Signals (persisted in the chunk text as `[signals]...[/signals]`):
- TODO checklist extraction (`- [ ]`, `- [x]`) with a prominent "RED LIGHT" marker when open items exist
- intent-line extraction (example: "mam taki pomysl, zeby ...")
- result-line extraction (example: "SMOKE TEST PASSED", "0 failed")
- tag vicinity extraction for Claude-style markers:
- `Ultrathink` (typically indicates important decisions)
- `Insight` (important implementation discoveries)
- plan-mode session signals:
- `Plan mode` (session start / context)
- `User accepted the plan` / `Accept plan`
- `Approve and bypass permissions`
- optional inclusion of keyword-based highlights as "Notes"

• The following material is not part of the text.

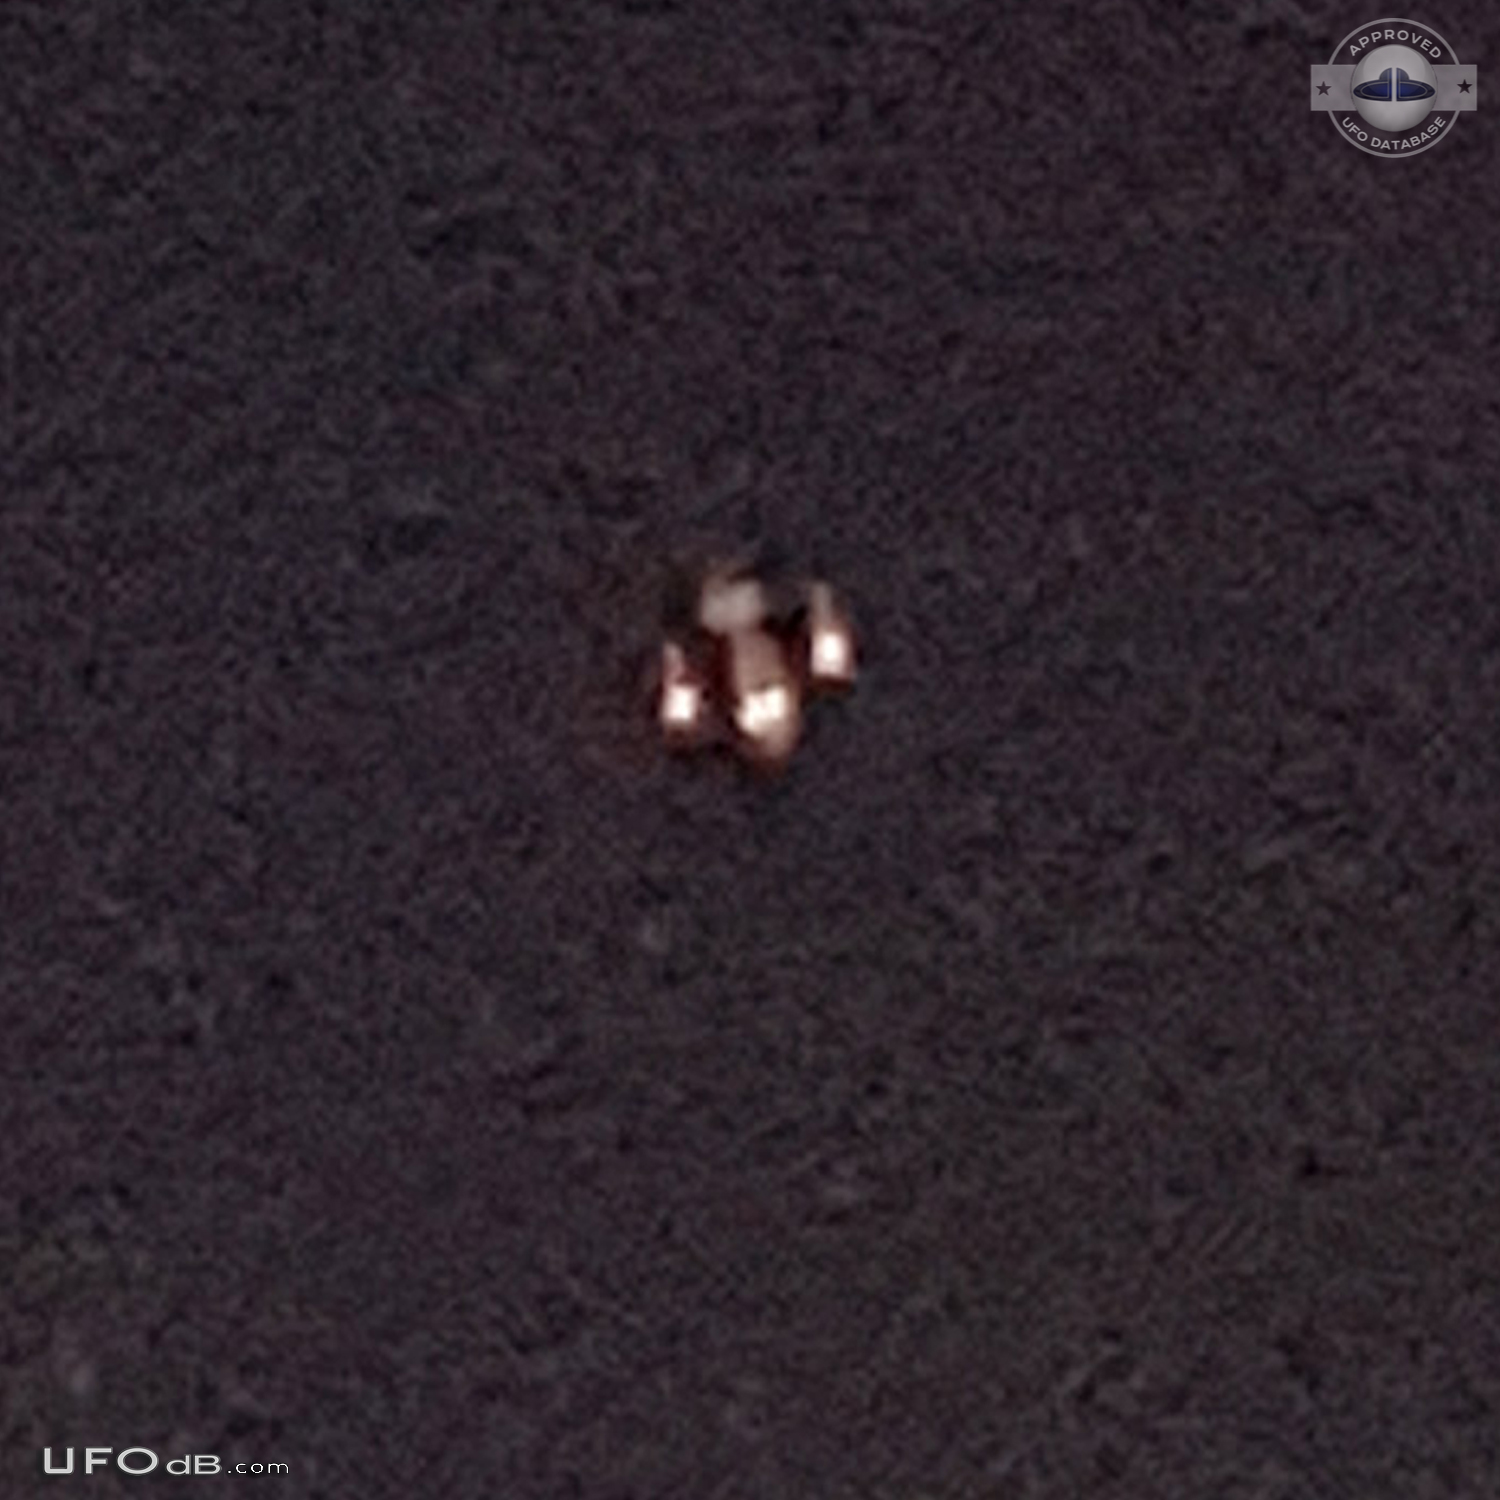 UFO rise very rapidly from the north then sped off very fast Chicago I UFO Picture #831-2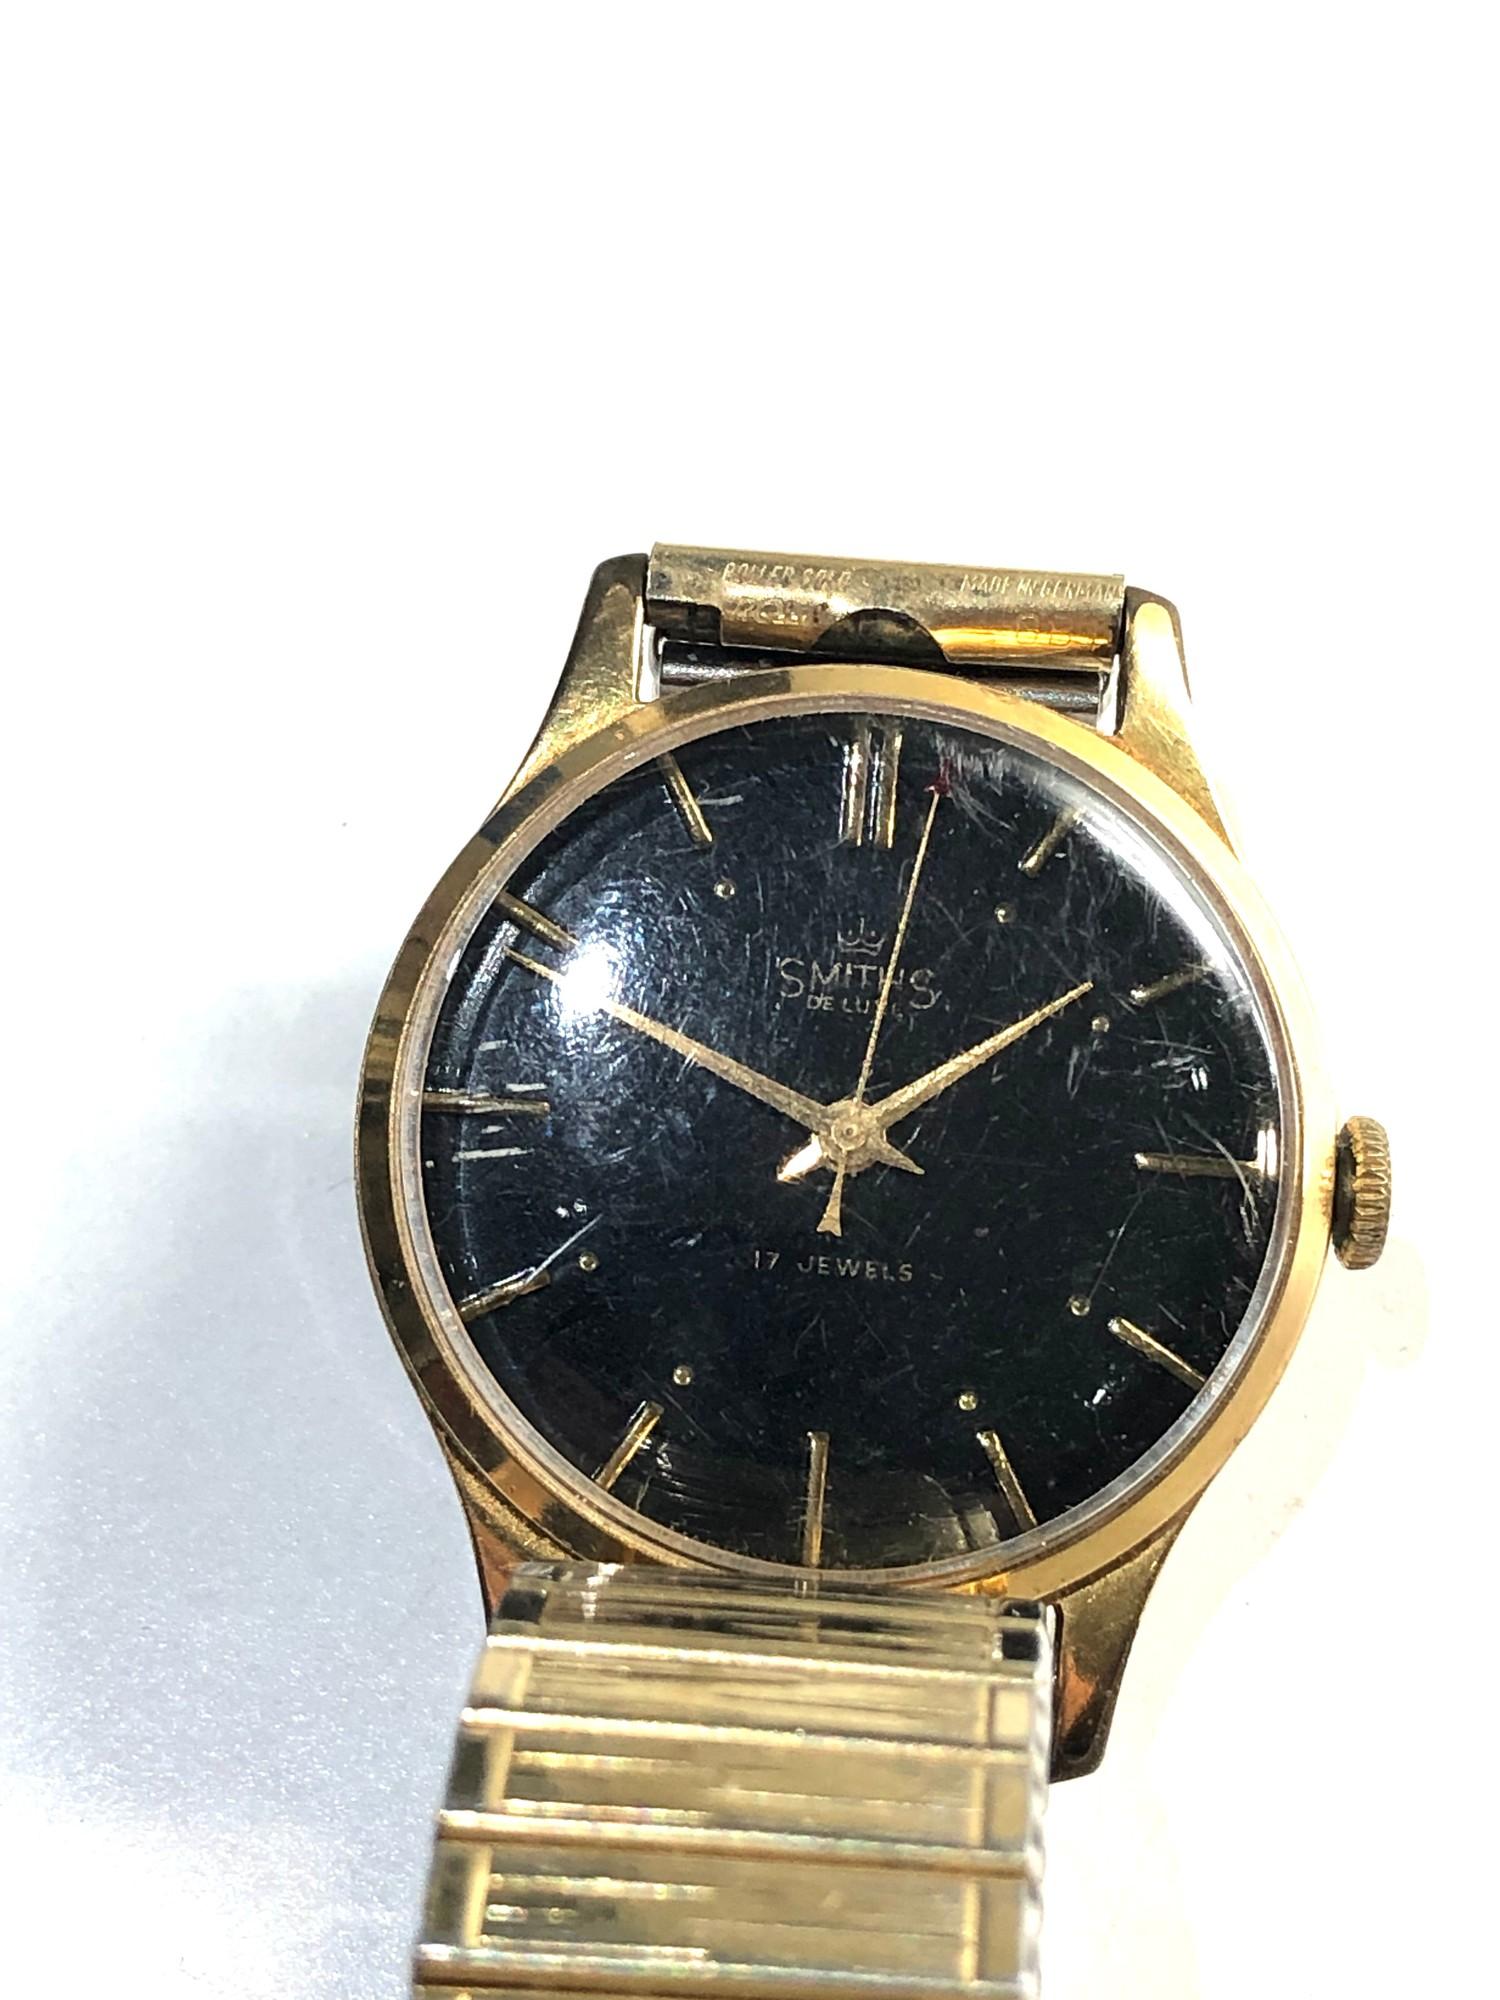 Vintage black dial smiths de luxe 17 jewel gents wrist watch winds and ticks but no warranty given

Highlights (programmatic only):
- extract up to 3 first lines that match keyword heuristics (e.g. `Decision:`, `TODO:`, `Plan:`)
- are stored on the in-memory `Chunk` struct as `highlights: Vec<String>`
Note: "highlights" are currently included in the `[signals]` block as "Notes" for
agent visibility, but they are also kept separately on the `Chunk` struct for tooling.
## Efficiency Notes (Where To Improve)
The current chunker is correct and tested, but there are clear performance wins for very large timelines:
1. Avoid allocating a new `Vec<&TimelineEntry>` for every chunk window.
2. Precompute per-message token estimates once per day and reuse them across overlapping windows.
3. Replace the per-date `BTreeMap` grouping with a single-pass scan of already-sorted entries.
4. Reduce per-chunk string work in hot paths (chunk IDs and text builders).
If you implement these, keep tests in `src/chunker.rs` as the behavioral contract.